Here, is my implementation which takes O(r * c) space and O(r * c) space where r is total no. of rows and c is total no of cols.

#include <stdio.h>
#define COLS 12

void markVisted(char map[][COLS], int visited[][COLS], int row, int col, int rowCount)
{
    if((row < 0) || (row >= rowCount) || (col < 0) || (col >= COLS) || (map[row][col] != '*') || (visited[row][col] == 1)) return;

    visited[row][col] = 1;

    //calling neighbours
    markVisted(map, visited, row+1, col, rowCount);
    markVisted(map, visited, row, col+1, rowCount);
    markVisted(map, visited, row-1, col, rowCount);
    markVisted(map, visited, row, col-1, rowCount);
    markVisted(map, visited, row+1, col+1, rowCount);
    markVisted(map, visited, row-1, col-1, rowCount);
    markVisted(map, visited, row-1, col+1, rowCount);
    markVisted(map, visited, row+1, col-1, rowCount);
}
int countIslands(char map[][COLS], int visited[][COLS], int rowCount)
{
    int i, j, count = 0;
    for(i=0; i<rowCount; ++i){
        for(j=0; j<COLS; ++j){

            if((map[i][j] == '*') && (visited[i][j] == 0)){
                ++count;
                markVisted(map, visited, i, j, rowCount);
            }
        }
    }
    return count;
}

int main()
{
    char map[][COLS] = {
                    "*..........",
                    "**........*",
                    "...........",
                    "...*.......",
                    "*........*.",
                    "..........*"               
                    };
    int rows = sizeof(map)/sizeof(map[0]);
    int visited[rows][COLS], i, j;  

    for(i=0; i<rows; ++i){
        for(j=0; j<COLS; ++j) visited[i][j] = 0;
    }

    printf("No. of islands = %d\n", countIslands(map, visited, rows));


    return 0;
}

please suggest some better logic for this problem
also, suggestions to improve my solution is welcomed.

Mathew Thompson
  • 55,877
  • 15
  • 127
  • 148
Eight
  • 4,194
  • 5
  • 30
  • 51
  • The question is interesting, but describing your algorithm by printing the source code is poor. You need to provide an explanation. –  Aug 13 '12 at 14:16
  • 1
    Sometimes, though, the source *is* the best documentation. – JayC Aug 13 '12 at 14:20
  • 5
    Your algorithm is well written and fine enough and there is no algorithm better than yours, because any algorithm to solve this should check each node state at least one time and will have a same order as your algorithm. – Saeed Amiri Aug 13 '12 at 14:21
  • 1
    By `O (n ^ 2)` you really mean `O (r * c)`, right? – pmg Aug 13 '12 at 14:22
  • Right, if `n` is your input size this is actually `O(n)` as you do one thing for each input cell. – Claudiu Aug 13 '12 at 14:22
  • 1
    I think this might be more on-topic in [Code Review](http://codereview.stackexchange.com/), but it appears to be welcome here, so I don't know for sure. – hyper-neutrino Apr 08 '17 at 21:10

5 Answers5

9

I think the confusion here is that your algorithm does actually run in linear time, not quadratic time.

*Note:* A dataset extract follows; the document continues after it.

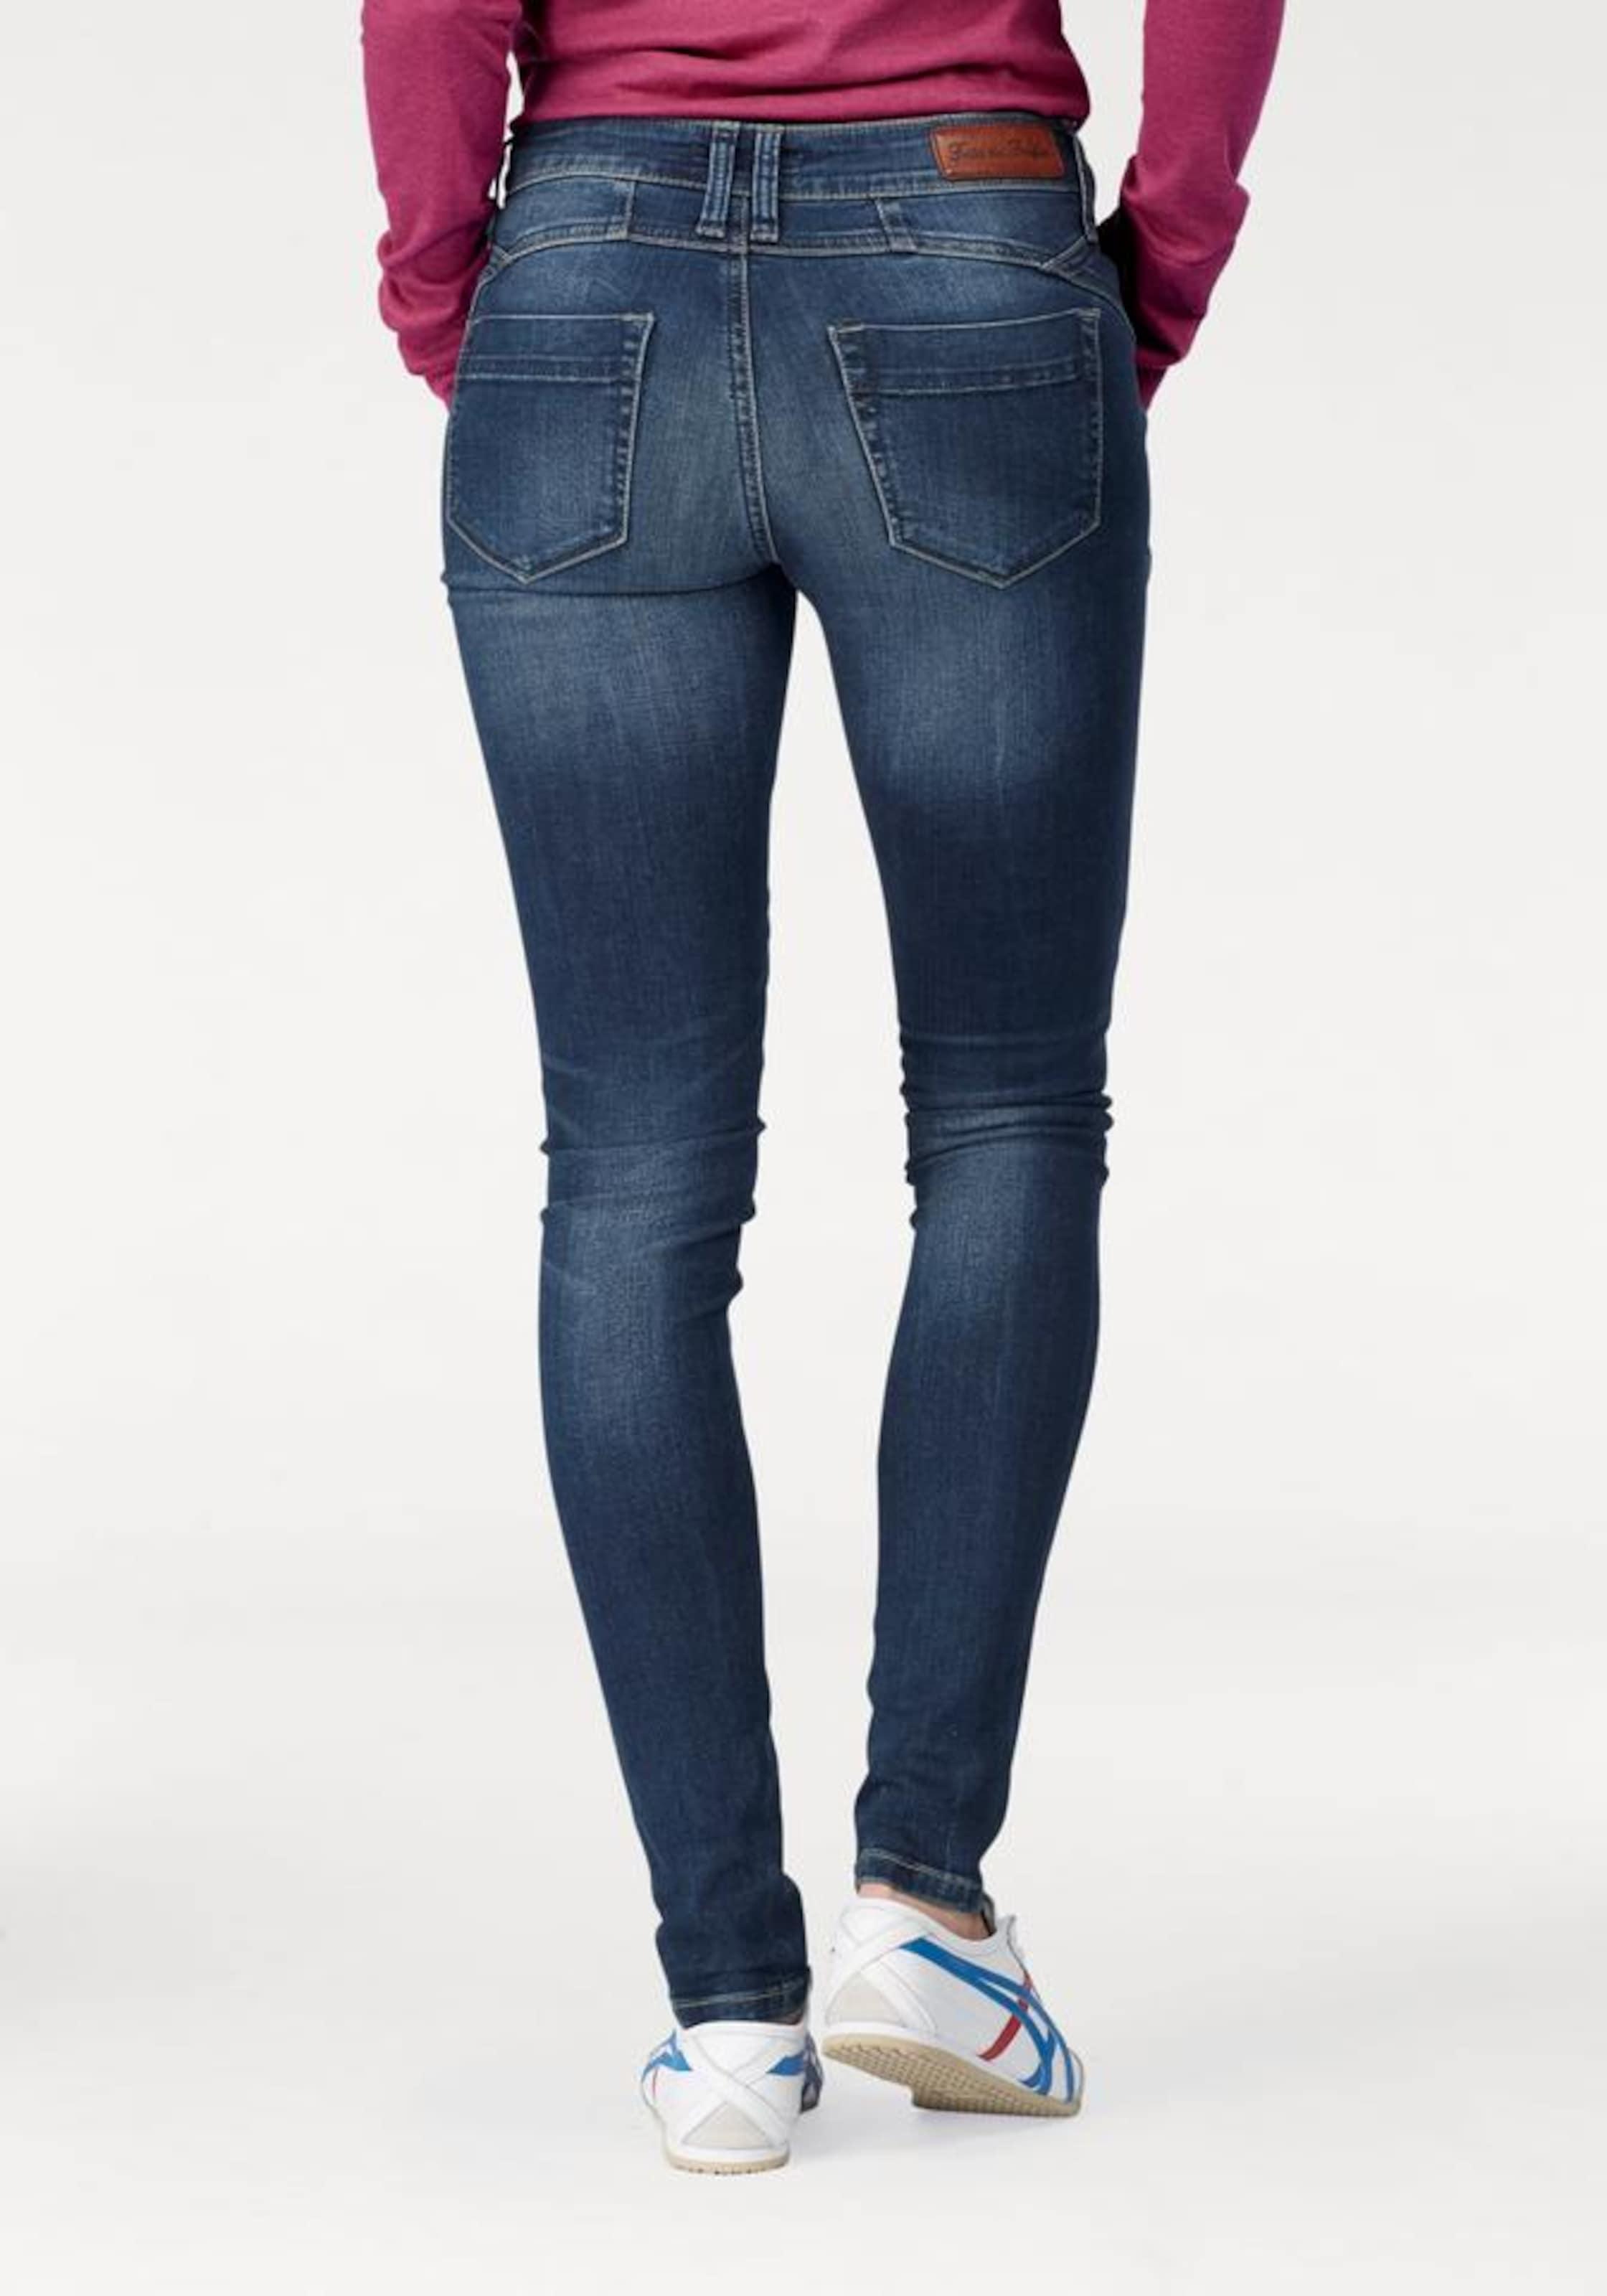 Fritzi aus Preußen '700010001' Slimfit Jeans Rabatt Viele Arten Von Footlocker Abbildungen Günstigen Preis Niedriger Versand Günstig Online Günstig Kaufen Erschwinglich CQBdB

When using big-O notation, n stands for the input size. Your input here is not just r or just c, but rather, r * c, as it is a grid of nodes. Your algorithm runs in O(r * c), as you said in your question... thus your algorithm runs in O(n) which is linear time.

It seems to me that any algorithm that solves this problem will have to read each input cell once in the worst case. Thus the best running time you can hope for is O(n). As your algorithm runs in O(n) you can't have any algorithm that runs of a faster order, in the worst case, than the algorithm you proposed.

I can think of some clever tricks. For example, if you have a block of *s, you could only check the diagonals, in certain cases. That is, if you have

......
.****.
.****.
.****.
.****.
......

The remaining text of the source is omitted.